A generally accepted criminal law and criminological concept of “economic crime” has not currently been developed, despite its widespread use in scientific circulation. The understanding of economic crime is extremely vague. Problems of economic crime have attracted the attention of researchers throughout the history of the development of this phenomenon.

There are several stages in the development of economic crime in Russia.

First stage: 1992-1993. During this period, the greatest damage was caused by theft of bank funds using fictitious payment documents.

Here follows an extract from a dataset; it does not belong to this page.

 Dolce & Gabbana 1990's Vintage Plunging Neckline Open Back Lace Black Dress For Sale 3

Second stage: 1993-1994 associated with fraudulent activities of trust and financial companies - " financial pyramids". The damage they caused is estimated at 20 trillion non-denominated rubles. The number of affected citizens, according to various estimates, was up to 10 million people. When committing crimes, the following were most often used: obviously unenforceable loan, trust, sales, insurance agreements; sale of shares and valuable surrogates papers without cash security. Many financial companies collected cash for the construction of housing, cottages, purchase of cars, employment abroad, etc.

Third stage: 1994 - 1996 Typical crimes were theft of credit resources from commercial banks.

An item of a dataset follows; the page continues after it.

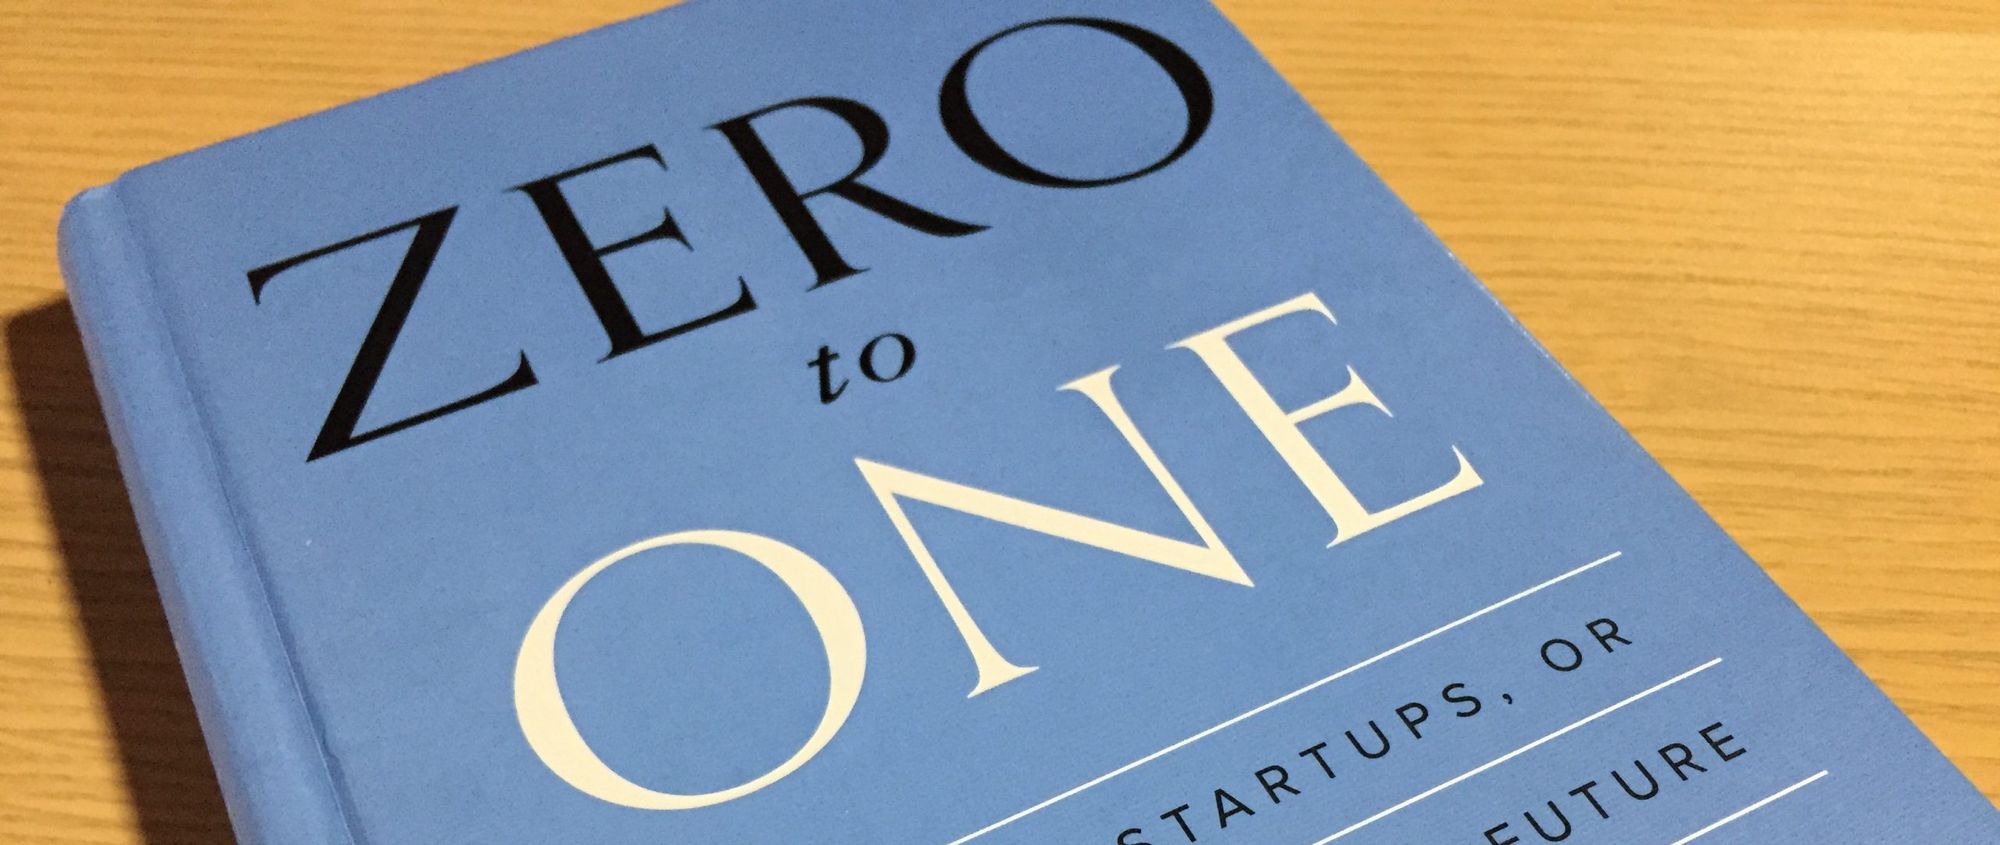 Peter Thiel & Blake Masters: Zero to One

Fourth stage: 1996 - present, associated with an increase in crimes committed using electronic means of access (carding), computer crime, active use of Internet resources for criminal purposes. Modern stage is also characterized by numerous abuses in the field of bill circulation.

Throughout the reform period, illegal capital exports have been typical.

In a traditional crime, there is a criminal who must be caught, and the fact of the crime itself is in most cases obvious. In an economic crime, the very fact of committing a crime is doubtful or difficult to prove. In this case, sophisticated methods are used to hide traces, perpetrators, and criminally obtained funds.

If a traditional criminal is sentenced to imprisonment, the deterrent effect of this punishment in most cases is small. The use of this measure against an economic criminal is more effective, since he, first of all, is afraid of losing his social status and respectability, without which he will not be able to act as a business partner. In addition, imprisonment cuts off the criminal’s path to managing money, which makes the crime itself meaningless. This concept, developed by a number of American criminologists, in particular K. Eskridge, is used in the criminal law of many countries. Most members of society are indifferent to economic crime. The basis for such indifference may be the circumstances that the fact of causing damage to society is difficult to establish, that an economic criminal does not correspond to the established stereotype of a traditional criminal, and that in the opinion of the majority of the population, both the state and the victim himself, who had so much money, are to blame for the crime. the origin of which the victim often cannot explain.